実力派部長の最大の欠点は「女好き」

「単純な不倫問題でクビを切ることはありませんが、これだけ複雑な事案は初めてです。しかも“直訴”騒ぎまで発生し、収拾するのに本当に苦労しました」

こう語るのは大手広告業の人事部長です。デザイン部長のA(45)はクライアントの評価も高く、社内でも屈指の実力派部長。だが、唯一の欠点は病気とも呼ぶべき“女好き”。浮き名を流した女性社員は数知れずといいます。中には別れ話がこじれ自殺未遂騒ぎを起こした女性もいたそうですが、会社はあくまでプライベートな問題として無視してきました。

『人事部はここを見ている!』溝上憲文著(プレジデント社刊)

しかし、今度ばかりはそういうわけにはいきませんでした。発端はデザイン部の新卒女性に手を出したことに始まります。

「デザイン部はAと関係を持った30代の中堅女性が多く“大奥”と噂されていました。互いに割り切ったつきあいだったのか、大きなトラブルもありませんでした。ところがAが新卒女性のBに手を出した途端、回りの女性からBがいじめを受けるようになったのです。自分たちより若い女性に対する嫉妬なのでしょうが、Bも耐えられず人事に泣きついてきたのです」

まさにパワハラ事件です。人事部長は真偽を質すためにBにあからさまないじめをしていたデザイン部の女性3人を呼び出しました。ところが彼女らは逆に居直ったそうです。結束して、こう言い放ちました。

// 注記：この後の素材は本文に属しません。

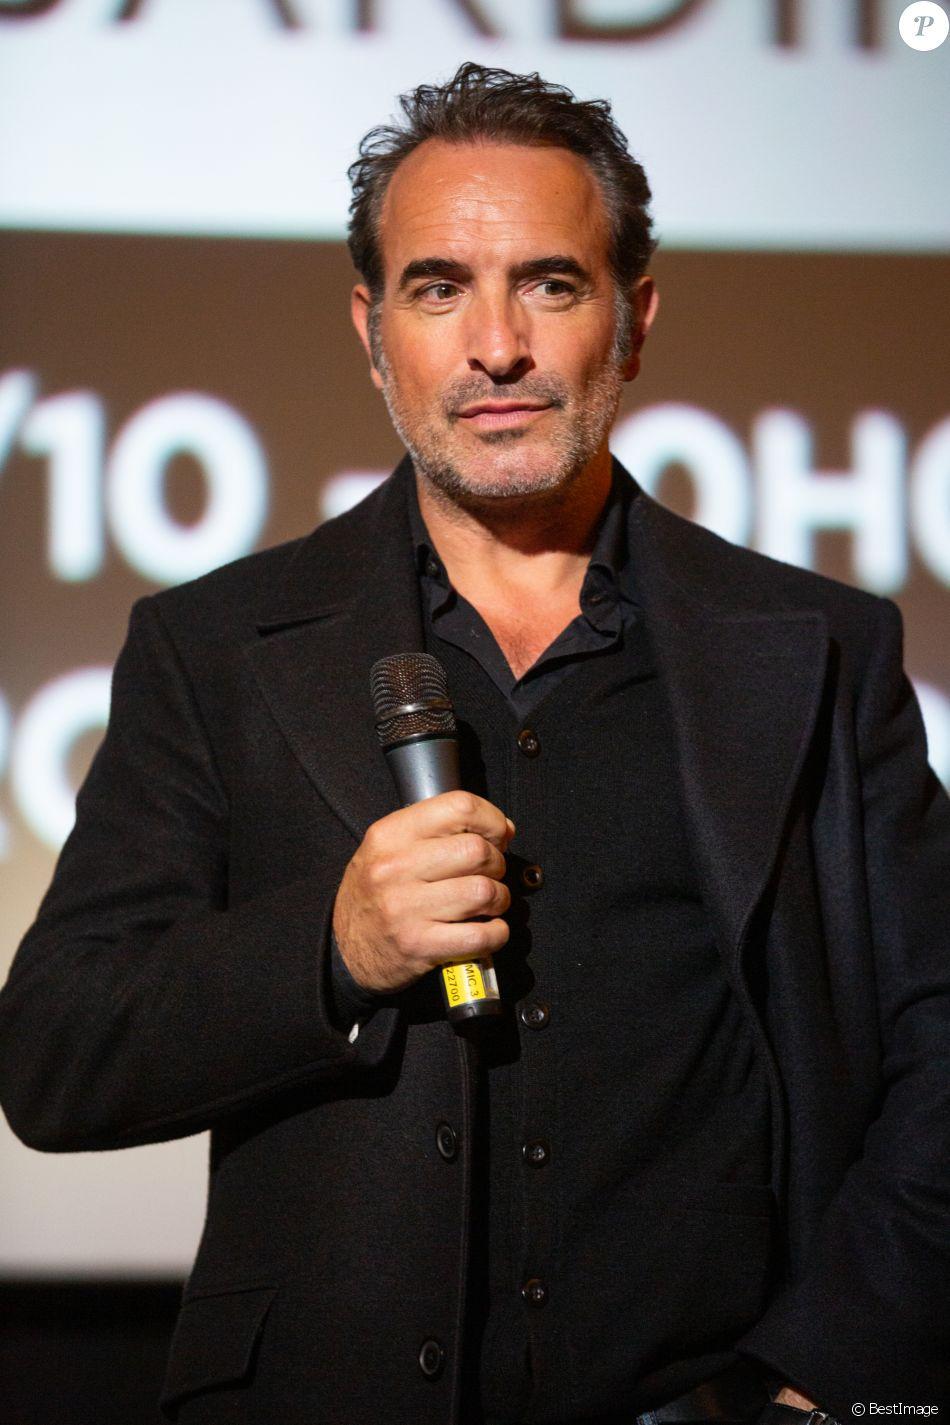 Jean Dujardin lors de l'avant-première du film 'J'accuse' au cinéma UGC de Brouckère, à Bruxelles

「A部長を辞めさせてください。さもなければA部長の不行跡を社長に直訴します。それでも無理なら私たちが辞めます」

いずれもベテランの仕事ができる女性です。人事部長はほとほと困りましたが、いくらAが優秀でも管理者として職場の秩序を乱した責任は重い。最終的にAと彼女らを天秤にかけ、Aが身を引くのが得策と判断し、社長の内諾も得ました。

さすがにAも自分のせいで職場の雰囲気が悪化し、業務が進まないことを自覚していたのか、依願退職にあっさりと応じたそうです。後日、被害者のBも自ら退職しました。Aはその後、中堅広告会社の幹部職として転職しましたが、噂ではBもそこで働いているらしいということです。

※本連載は書籍『人事部はここを見ている!』(溝上憲文著)からの抜粋です。